Improvement of electrocoagulation process on hexavalent chromium removal with the use of polyaluminum chloride as coagulant

Abstract

In the first phase of this study, effects of different parameters, including initial pH, applied current density, reaction time and initial chromium concentrations on the chromium removal efficiency, were investigated in electrocoagulation process. The results showed that the maximum removal efficiency of 78.8% was achieved at pH 3, current density of 12.5 mA/cm2, and initial concentration of 50 mg/L. In the next phase, effect of adding polyaluminum chloride—as a conventional coagulant—to electrocoagulation process in order to have higher chromium removal efficiency and lower energy and electrode consumption was assessed. According to the results of this phase, the increase in polyaluminum chloride dosage to 1250 mg/L was beneficial for enhancing hexavalent chromium removal efficiency from 60.2 to 96.4% at pH 7, current density of 8.33 mA/cm2 and initial concentration of 50 mg/L. Furthermore, adding PACl to the process led to reduction of considerable amount of energy and electrode mass depletion in comparison with the electrocoagulation process.

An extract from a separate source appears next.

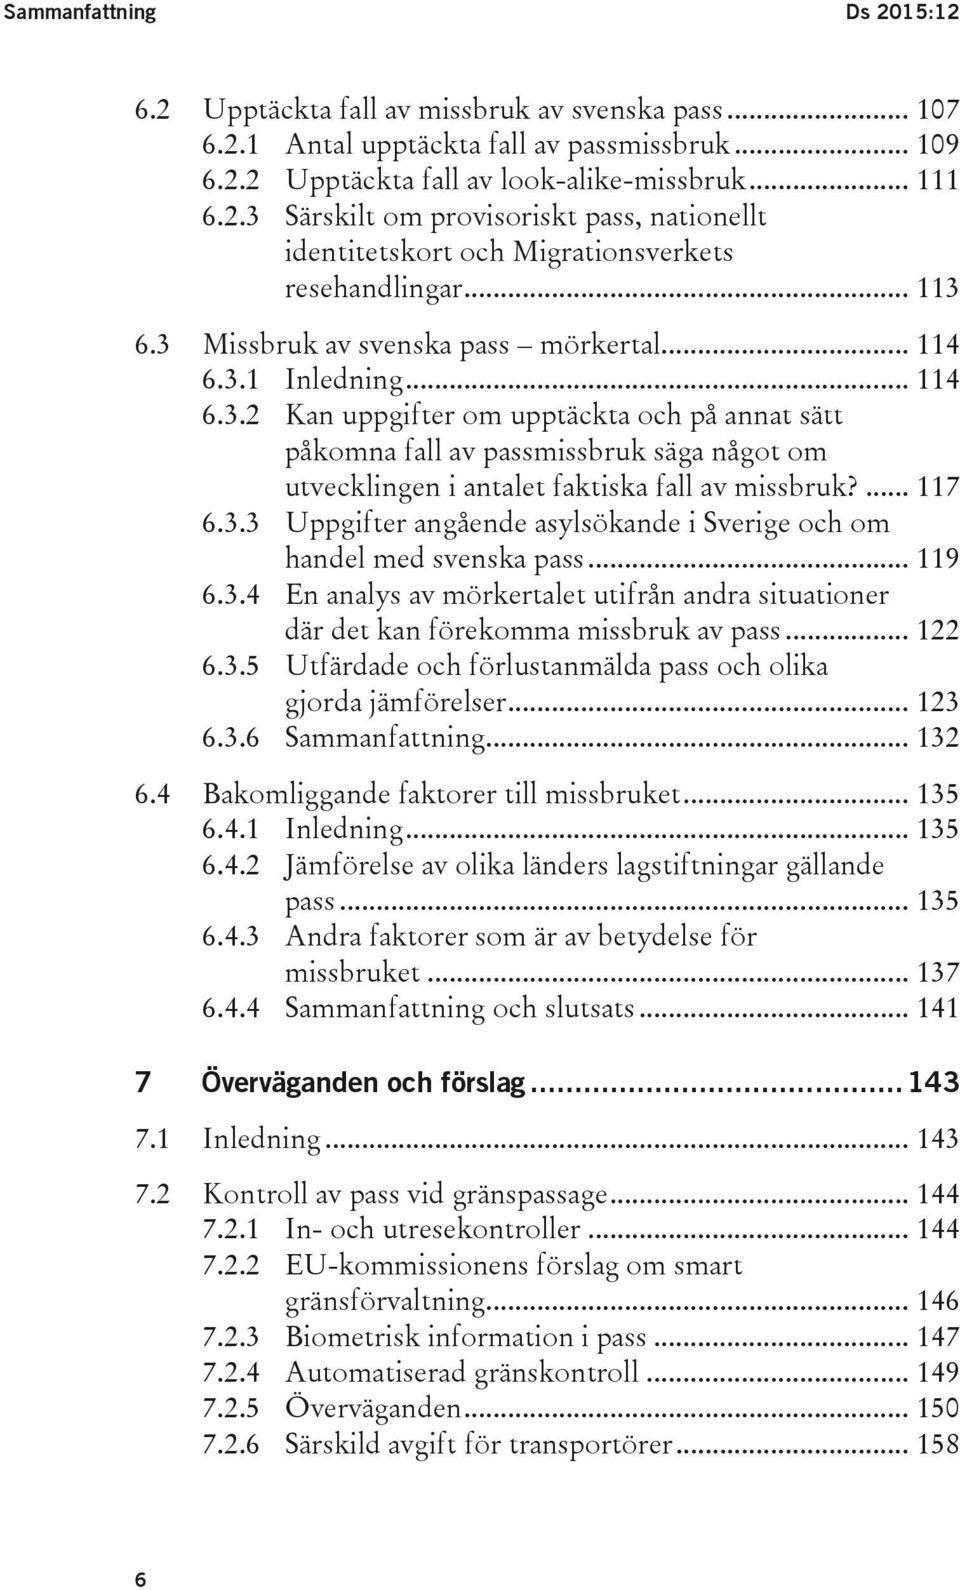 ... 117 6.3.3 Uppgifter angående asylsökande i Sverige och om handel med svenska pass... 119 6.3.4 En analys av mörkertalet utifrån andra situationer där det kan förekomma missbruk av pass... 122 6.3.5 Utfärdade och förlustanmälda pass och olika gjorda jämförelser.

In the last phase, response surface methodology (RSM) was employed to optimize five operating variables. According to the analysis of variance results, the R2 values of 99.3% for chromium removal efficiency indicating that the accuracy of the polynomial model is acceptable. The optimum value of initial pH, current density, initial chromium concentration, reaction time and dosage of polyaluminum chloride were 5, 8.33 mA/cm2, 50 mg/L, 40 min and 1000 mg/L, respectively. Chromium removal of 93% was observed in the experiment at optimum conditions, which was close to the model predicted result of 87.27%.